Clea singles chronology
| "Download It" (2003) | "Stuck in the Middle" (2004) | "We Don't Have to Take Our Clothes Off" (2005) |

= Stuck in the Middle (Clea song) =

"Stuck in the Middle" is a song by English girl group Clea, released in the UK as their second single on 16 February 2004. It was their second top 30 hit, charting at No. 23 on the UK Singles Chart. The girls performed the song on several shows, such as Top of the Pops. It appears on their international debut album, Identity Crisis, and was re-recorded for their UK debut album, Trinity.

==Music video==
===2004 version===
Clea filmed a video for this single, in black and white. The four girls are featured doing sexy moves and apparently hiding or looking for someone.

===2006 version===
The "Stuck in the Middle" video was re-released in 2006, with a new recording of the song, removing the scenes in which former band member Chloe appeared, and adding new scenes with the three remaining members. The video was made to promote the European release of the double A-side single with "I Surrender".

==Track listings==
===2004 UK release===
CD single
1. "Stuck in the Middle" (radio edit)
2. "Reminisce"
3. "Stuck in the Middle" (Cutfather & Joe Mix)
4. "Stuck in the Middle" (Cutfather & Joe Mix feat.

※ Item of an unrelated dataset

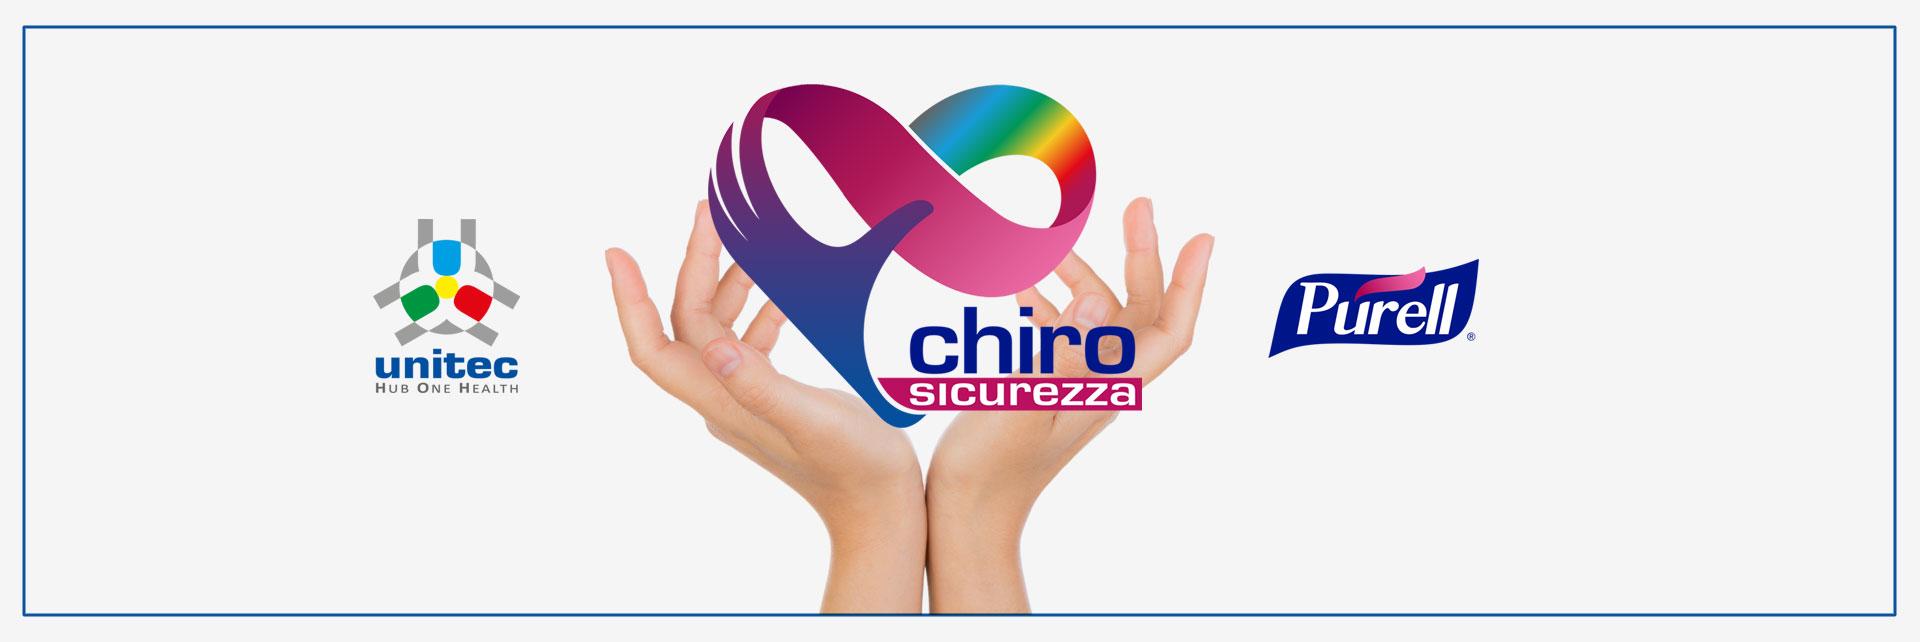 ChiroSicurezza - Biosicurezza a Fior Fiore di Pelle

ODB)

DVD single
1. "Stuck in the Middle" (video)
2. "Reminisce"
3. "Stuck in the Middle" (8 Jam remix)

===2006 Europe release===
CD single
1. "Stuck in the Middle"
2. "Stuck in the Middle" (Cutfather & Joe Mix feat. ODB)
3. "I Surrender"
4. "I Surrender" (Magic Mitch Radio)

==Charts==

| Chart (2004) | Peak position |
|---|---|
| UK Singles (OCC) | 23 |

- "Stuck in the Middle" appears on their debut album Identity Crisis, released in some European countries.
- The song was re-recorded to appear on their UK debut album Trinity, without Chloe Staines' vocals.
- The re-recorded version was released as a double A-side with "I Surrender" in Europe in late 2006.